What books are being banned in these states? Well, in Utah, it’s mostly female authors. In Texas, anything that smells of LGBTQ+ rights, representation of LGBTQ+ individuals, and histories of the United States dealing with racism or slavery, and any book critical of ideas challengers hold dear are targets for removal.
That’s right. You read “indecent” and “pornographic” and, like any reasonable person, were suspicious: Maybe what’s being removed really is pornographic, in which case it ought to be removed for younger readers. But that’s not what’s happening. No. Teachers and librarians do curate their libraries and are trained explicitly about what kind of material is age-appropriate (and what’s age-appropriate for one reader may not be for another, given that not all readers are the same person), and they do not maintain collections containing literally pornographic books or magazines. But in The Librarians, over and over, we witness footage of right-wing Americans stumping for the removal of “pornography” and accusing librarians of grooming their children for abuse. What they’re talking about when they talk about “pornography” is actually “material I don’t want my child to read” and what they really mean is “material I don’t want any children reading”—and what determines the material indicated by such statements? Who fucking knows. The Bible. Family tradition. White supremacy. All of that.
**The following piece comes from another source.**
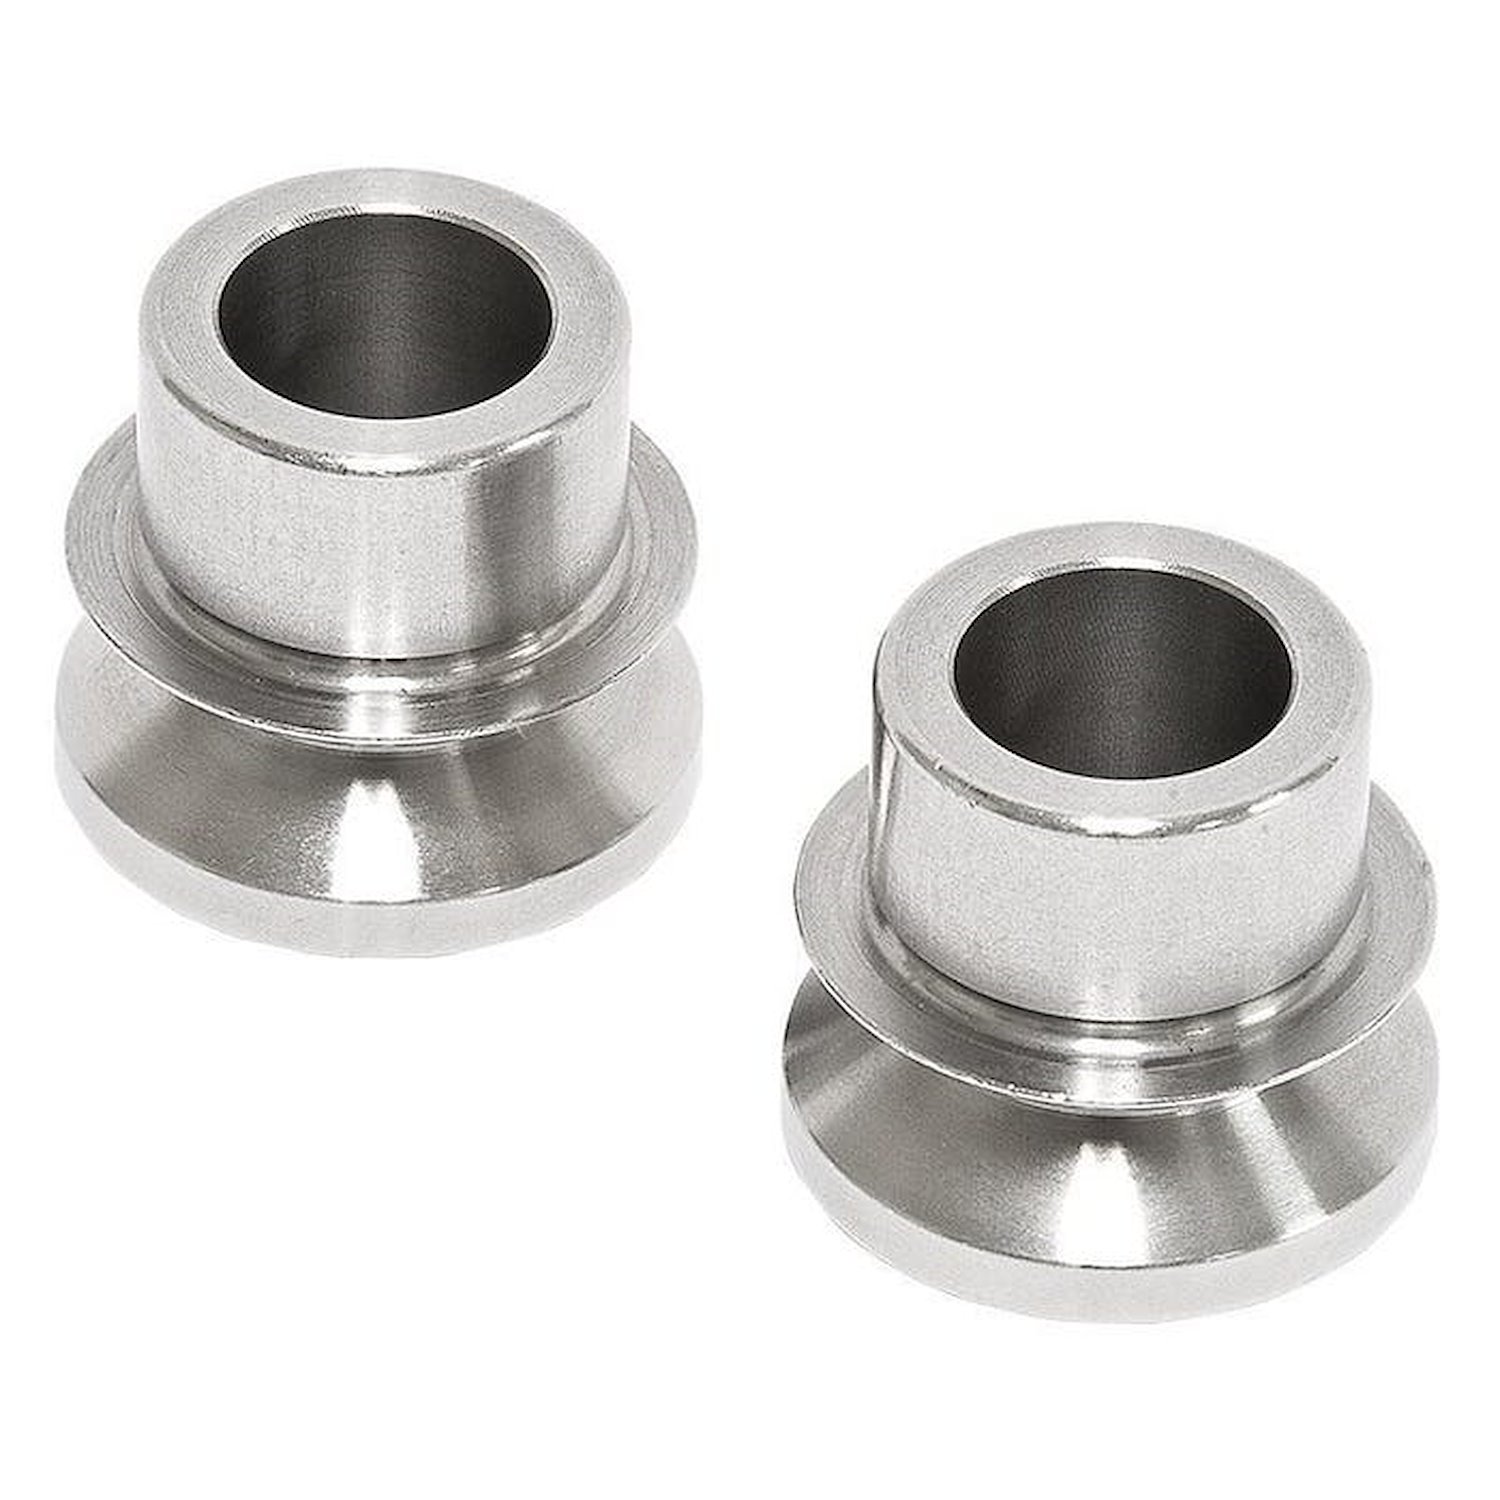 186009-KIT Misalignment Spacers, 3/4" to 5/8"

The Librarians, through the titular representatives, tells a part of this ongoing story. It should terrify all of us who believe in a free-thinking, liberal democracy (and we’re talking small-L “liberal” here, as in “free,” which is something Republicans and Democrats can agree on). Others who are on the front lines include teachers and educators of all stripes who are now on alert that their lives should not also be destroyed by reactionary political movements and their dupes.
This is not a happy story, but it is one we should all be talking more about—and speaking openly about the manner in which the anti-intellectual-freedom movement in the United States runs counter to our nation’s most core commitments: to free speech and free thought. As one student activist put it at a board meeting recorded in this documentary, folks banning books have never before been recorded as the “good guys” in human history. In other words: If you’re banning books, prima facie, you’re the bad guy.
For more information about pro-reading groups in Utah, you can go to www.letutahread.org. In other states, I’ll wager there are groups working in concert in similar ways.
The Librarians will be available for everyone to watch via PBS Independent Lens in the Fall of 2025. For now, it’s showing only at the Sundance Film Festival in Utah (Screenings in Park City on Wednesday Jan 29th and on Friday January 31st remain). Five stars.